By far the most commonly used criterion in studies examining the validity of academic admissions tests is GPA in higher education programs. Researchers typically focus on the correlation between standardized test scores and the grades students achieve during their first year of college or graduate school. Correlations of this nature are reported as decimals on a scale from 0 to 1 – with a zero correlation indicating no association between the variables and a coefficient of 1.0 indicating a perfect association. As one example, Ramist, Lewis, and McCamley-Jenkins (1994) conducted a meta-analysis using data from more than 46,000 students who completed the SAT and attended one of 45 colleges in the 1980s. The researchers reported an overall correlation of .36 between SAT scores and first-year GPA. All large-scale SAT validity studies reveal correlations of similar magnitude.
The SAT has undergone many revisions over the years.

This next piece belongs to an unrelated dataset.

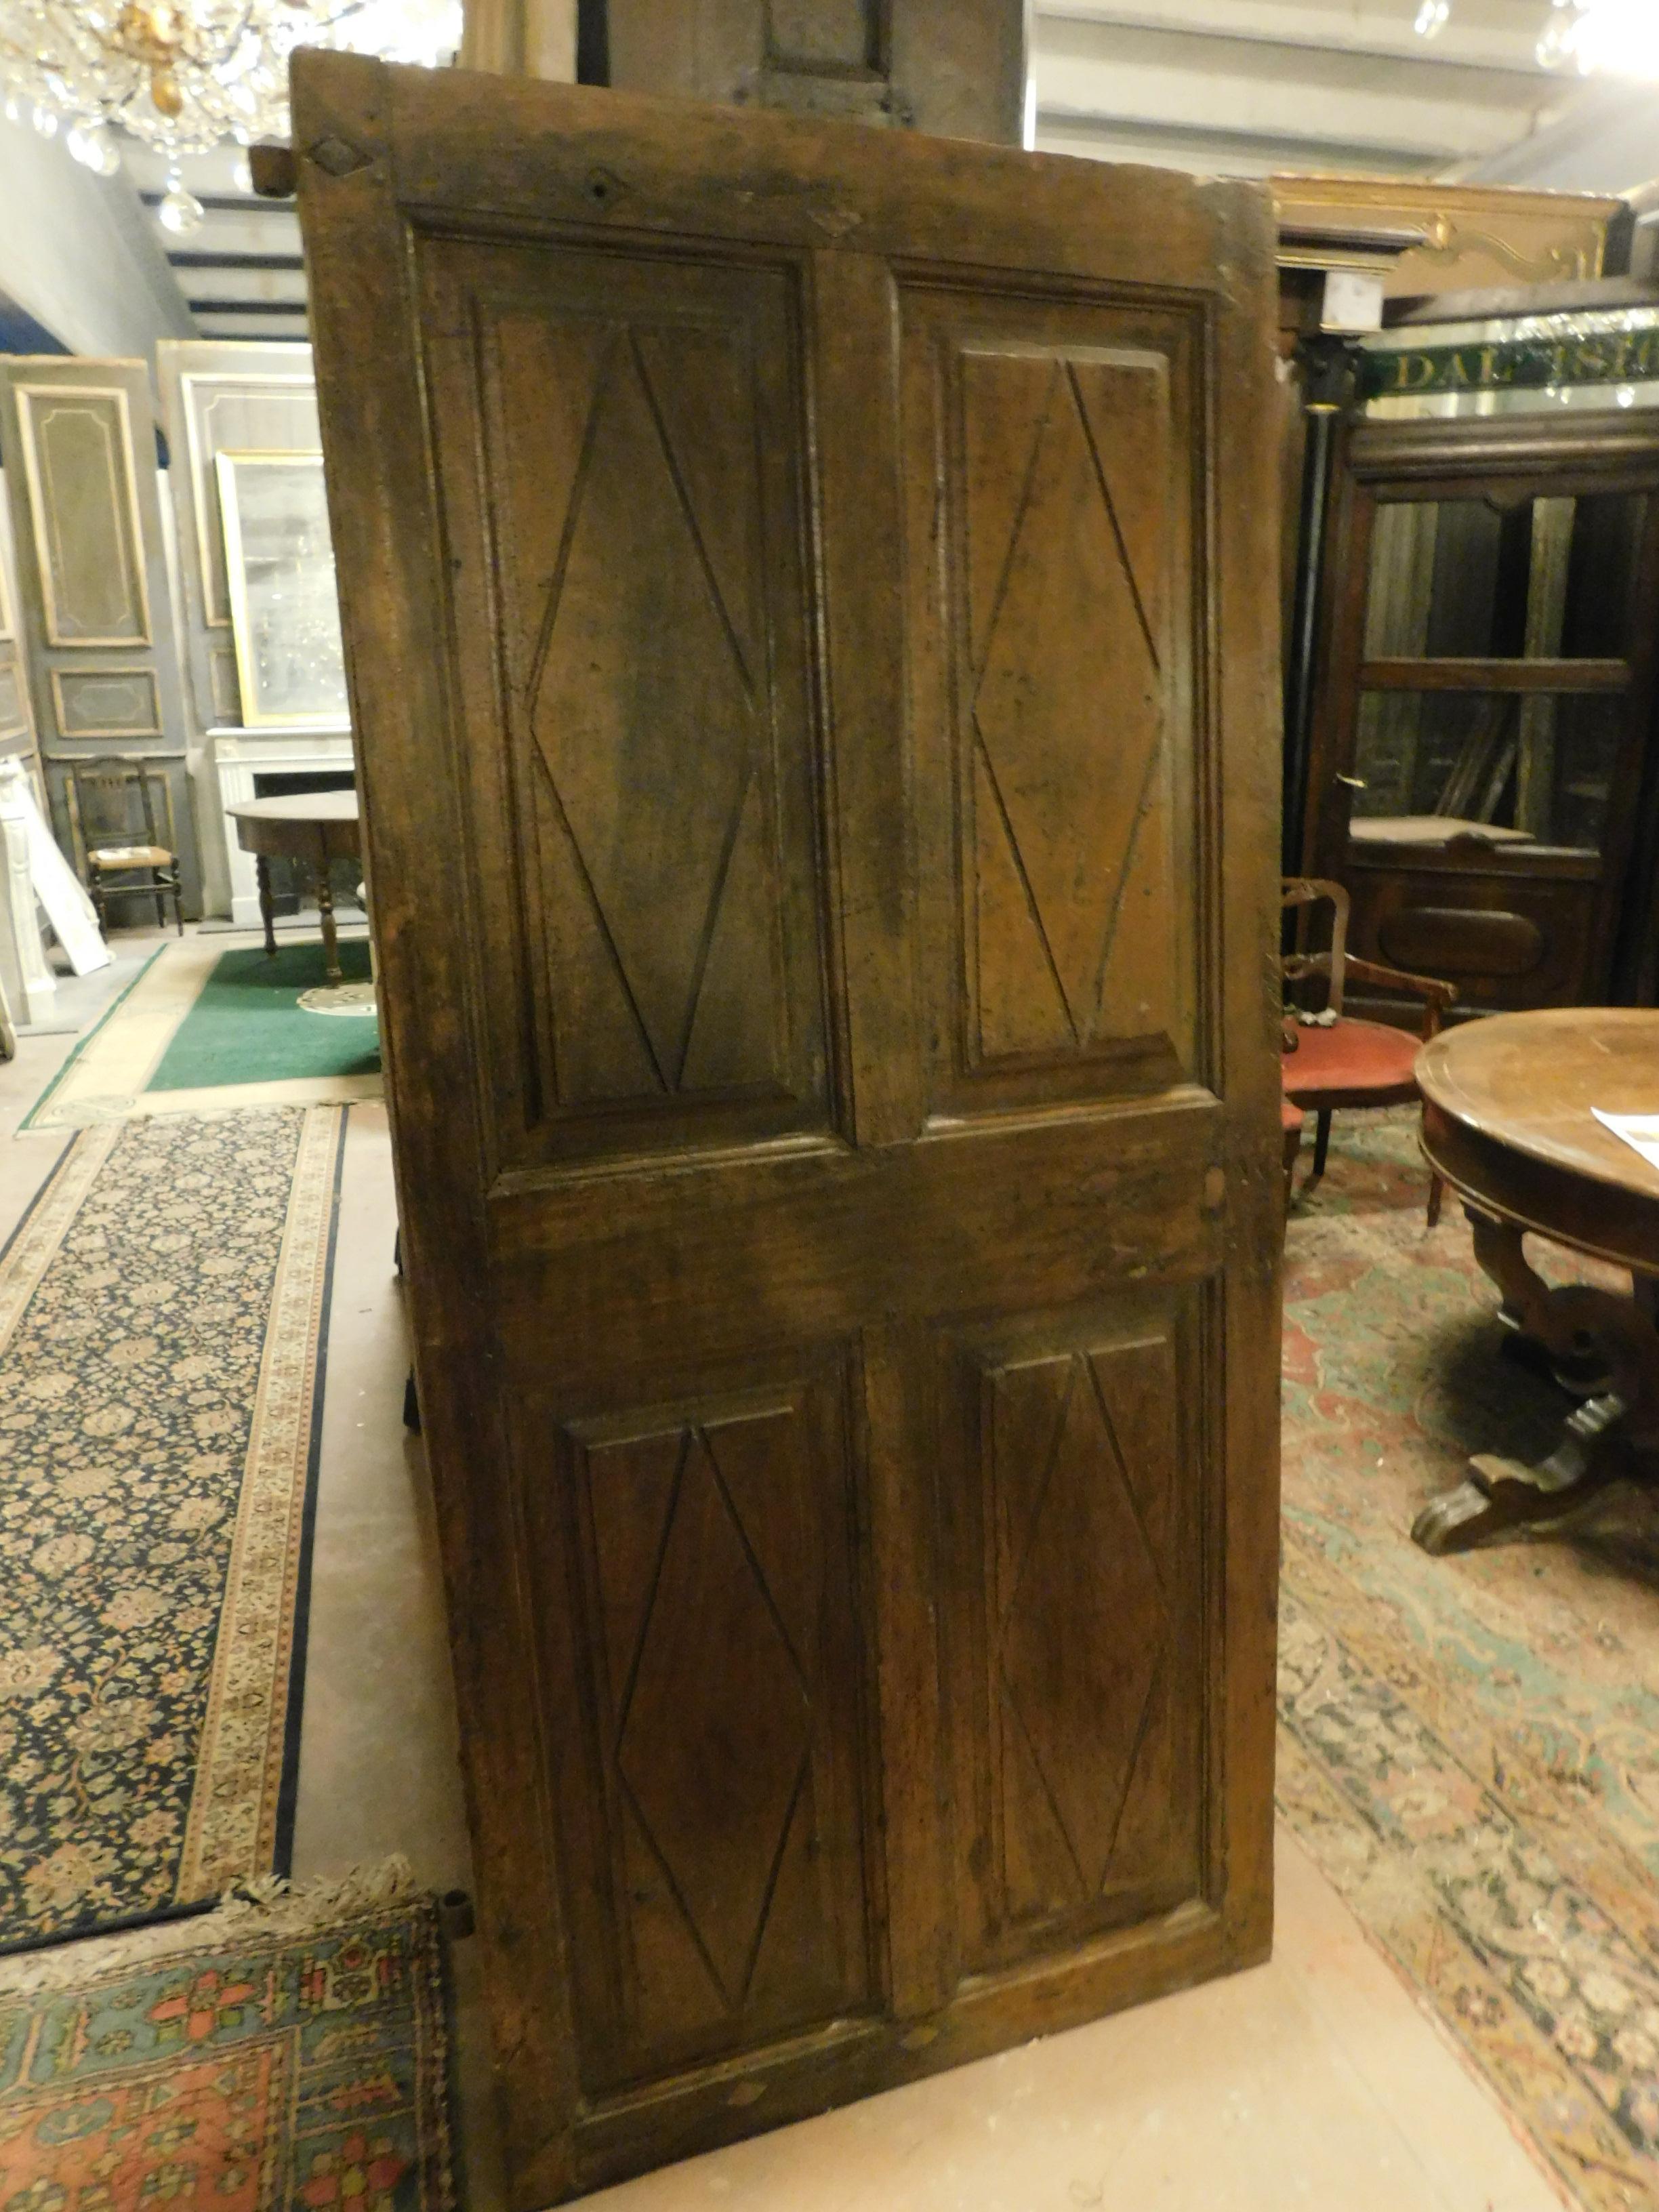 Ancient single door, hand-carved in precious solid walnut wood, patinated and sculpted with 4 panels with lozenges, Piedmontese origins, hand-built in the 18th century in Italy.
Measure cm w 91 x h 193 x t 3.5.

One major revision took effect in 1994. There were changes to the verbal portion of the exam, including elimination of antonym items, and the addition of items requiring students to evaluate different points of view. The time allotted to complete the test also was extended by 15 minutes so that students could complete more items. Each time a test is revised, new questions arise concerning the utility of the test and new validity studies must be conducted. Bridgeman, McCamley-Jenkins, and Ervin (2000) compared the predictive validity of the revised SAT to that of the previous version of the test. The researchers compared data from two large samples: one whose members had taken the SAT in 1994 prior to the revisions, and the other consisting of students who had taken the SAT in 1995 after the revisions had been implemented. There were more than 45,000 students in each sample. Bridgeman and colleagues found that the predictive validity of the SAT had remained essentially unchanged. The correlation between SAT scores and first-year college GPA was .35 for the new version of the SAT, compared with .34 for the prior version. Despite some noteworthy changes to the test, its association with college GPA was quite stable.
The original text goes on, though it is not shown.